**Required work**
Work out how many lines of the listing hold the string "Stock", then answer with that number and nothing else.

**Data for the task**
== Segment start ==
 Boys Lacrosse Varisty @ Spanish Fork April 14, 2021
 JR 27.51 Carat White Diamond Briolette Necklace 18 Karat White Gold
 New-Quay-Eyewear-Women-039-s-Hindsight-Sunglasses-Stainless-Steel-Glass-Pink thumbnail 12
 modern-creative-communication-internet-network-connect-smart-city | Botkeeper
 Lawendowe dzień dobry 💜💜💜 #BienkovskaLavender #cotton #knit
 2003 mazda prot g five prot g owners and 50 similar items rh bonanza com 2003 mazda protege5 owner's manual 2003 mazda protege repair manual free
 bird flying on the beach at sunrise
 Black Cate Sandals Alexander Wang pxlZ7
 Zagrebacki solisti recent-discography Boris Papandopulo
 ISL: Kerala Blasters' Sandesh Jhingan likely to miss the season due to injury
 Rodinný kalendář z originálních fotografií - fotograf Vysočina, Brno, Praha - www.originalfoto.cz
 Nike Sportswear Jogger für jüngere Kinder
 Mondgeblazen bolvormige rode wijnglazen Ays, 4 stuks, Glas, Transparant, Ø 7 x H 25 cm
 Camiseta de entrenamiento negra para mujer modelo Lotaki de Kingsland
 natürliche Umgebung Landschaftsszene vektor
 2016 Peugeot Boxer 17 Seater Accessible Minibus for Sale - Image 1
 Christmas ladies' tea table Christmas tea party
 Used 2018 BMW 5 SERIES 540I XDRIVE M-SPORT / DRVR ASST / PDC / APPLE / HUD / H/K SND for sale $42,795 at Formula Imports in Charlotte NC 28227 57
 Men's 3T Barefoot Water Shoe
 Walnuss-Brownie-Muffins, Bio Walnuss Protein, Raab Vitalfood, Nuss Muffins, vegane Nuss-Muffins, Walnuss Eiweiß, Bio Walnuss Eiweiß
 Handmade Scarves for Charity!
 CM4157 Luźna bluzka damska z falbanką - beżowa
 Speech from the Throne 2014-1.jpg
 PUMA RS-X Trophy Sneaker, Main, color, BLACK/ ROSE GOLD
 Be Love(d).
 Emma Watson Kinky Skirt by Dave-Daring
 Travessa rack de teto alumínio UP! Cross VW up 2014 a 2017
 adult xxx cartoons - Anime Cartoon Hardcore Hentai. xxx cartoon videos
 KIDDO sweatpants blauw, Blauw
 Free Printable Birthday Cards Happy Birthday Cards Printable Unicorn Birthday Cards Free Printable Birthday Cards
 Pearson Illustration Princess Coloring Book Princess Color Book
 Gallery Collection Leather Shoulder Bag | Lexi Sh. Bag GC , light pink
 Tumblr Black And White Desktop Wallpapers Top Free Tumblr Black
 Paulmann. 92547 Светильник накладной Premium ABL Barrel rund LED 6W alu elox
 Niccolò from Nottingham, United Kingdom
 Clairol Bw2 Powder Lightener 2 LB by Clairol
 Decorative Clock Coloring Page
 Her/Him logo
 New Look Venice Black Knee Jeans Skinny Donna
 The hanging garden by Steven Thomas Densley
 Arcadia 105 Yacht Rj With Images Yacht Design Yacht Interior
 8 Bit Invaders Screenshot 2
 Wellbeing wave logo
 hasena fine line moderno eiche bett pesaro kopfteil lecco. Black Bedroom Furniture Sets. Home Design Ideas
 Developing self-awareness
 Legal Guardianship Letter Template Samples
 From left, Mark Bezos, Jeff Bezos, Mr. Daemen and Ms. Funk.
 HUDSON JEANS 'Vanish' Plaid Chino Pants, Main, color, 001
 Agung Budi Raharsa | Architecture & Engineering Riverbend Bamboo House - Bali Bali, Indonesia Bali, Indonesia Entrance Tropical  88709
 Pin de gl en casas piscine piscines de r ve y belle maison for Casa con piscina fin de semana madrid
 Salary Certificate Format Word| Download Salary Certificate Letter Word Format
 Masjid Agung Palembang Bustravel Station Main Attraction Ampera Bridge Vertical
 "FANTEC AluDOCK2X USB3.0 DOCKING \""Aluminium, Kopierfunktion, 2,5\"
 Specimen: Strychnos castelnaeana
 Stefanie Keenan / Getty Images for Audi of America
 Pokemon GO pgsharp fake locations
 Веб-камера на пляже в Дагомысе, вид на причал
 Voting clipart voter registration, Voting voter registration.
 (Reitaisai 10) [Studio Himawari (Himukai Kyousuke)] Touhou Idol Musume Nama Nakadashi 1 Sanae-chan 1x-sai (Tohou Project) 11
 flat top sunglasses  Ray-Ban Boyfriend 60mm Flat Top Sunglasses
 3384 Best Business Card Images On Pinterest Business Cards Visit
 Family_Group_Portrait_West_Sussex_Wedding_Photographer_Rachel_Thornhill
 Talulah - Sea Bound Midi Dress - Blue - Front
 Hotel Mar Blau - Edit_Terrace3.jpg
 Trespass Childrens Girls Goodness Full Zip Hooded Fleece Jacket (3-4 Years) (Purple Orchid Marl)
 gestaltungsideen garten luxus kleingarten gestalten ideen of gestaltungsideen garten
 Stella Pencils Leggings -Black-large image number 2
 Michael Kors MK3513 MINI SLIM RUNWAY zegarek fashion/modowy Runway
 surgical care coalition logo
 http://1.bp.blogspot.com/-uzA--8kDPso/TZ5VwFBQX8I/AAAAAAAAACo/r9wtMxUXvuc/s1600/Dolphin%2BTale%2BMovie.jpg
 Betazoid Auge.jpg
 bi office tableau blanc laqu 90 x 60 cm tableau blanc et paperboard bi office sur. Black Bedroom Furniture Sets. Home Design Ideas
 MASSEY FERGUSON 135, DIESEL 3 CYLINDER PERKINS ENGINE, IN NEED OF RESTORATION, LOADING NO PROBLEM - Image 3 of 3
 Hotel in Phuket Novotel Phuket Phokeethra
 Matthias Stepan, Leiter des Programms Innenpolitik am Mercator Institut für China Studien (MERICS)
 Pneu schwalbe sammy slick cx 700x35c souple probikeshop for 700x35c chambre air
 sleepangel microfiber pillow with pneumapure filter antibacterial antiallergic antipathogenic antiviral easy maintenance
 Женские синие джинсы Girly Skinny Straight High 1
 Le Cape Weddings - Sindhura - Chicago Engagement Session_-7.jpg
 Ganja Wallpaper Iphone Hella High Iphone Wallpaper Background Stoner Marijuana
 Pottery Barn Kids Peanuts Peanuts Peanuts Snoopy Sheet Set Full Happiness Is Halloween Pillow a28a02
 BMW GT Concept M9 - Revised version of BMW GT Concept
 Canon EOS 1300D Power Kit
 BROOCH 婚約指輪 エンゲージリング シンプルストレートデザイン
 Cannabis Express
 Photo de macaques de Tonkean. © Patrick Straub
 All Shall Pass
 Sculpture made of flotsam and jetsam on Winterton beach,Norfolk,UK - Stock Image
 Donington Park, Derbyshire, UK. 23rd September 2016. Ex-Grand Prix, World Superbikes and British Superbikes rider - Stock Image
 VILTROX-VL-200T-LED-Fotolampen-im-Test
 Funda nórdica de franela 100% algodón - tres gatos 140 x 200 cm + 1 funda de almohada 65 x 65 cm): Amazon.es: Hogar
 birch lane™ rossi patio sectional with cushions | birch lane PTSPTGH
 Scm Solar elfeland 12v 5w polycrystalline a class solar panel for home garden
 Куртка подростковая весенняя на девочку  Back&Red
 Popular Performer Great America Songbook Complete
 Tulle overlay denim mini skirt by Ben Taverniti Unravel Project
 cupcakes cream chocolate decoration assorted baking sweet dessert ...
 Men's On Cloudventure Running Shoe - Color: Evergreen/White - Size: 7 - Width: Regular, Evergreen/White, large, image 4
== Segment end ==
**Exercise solution**
2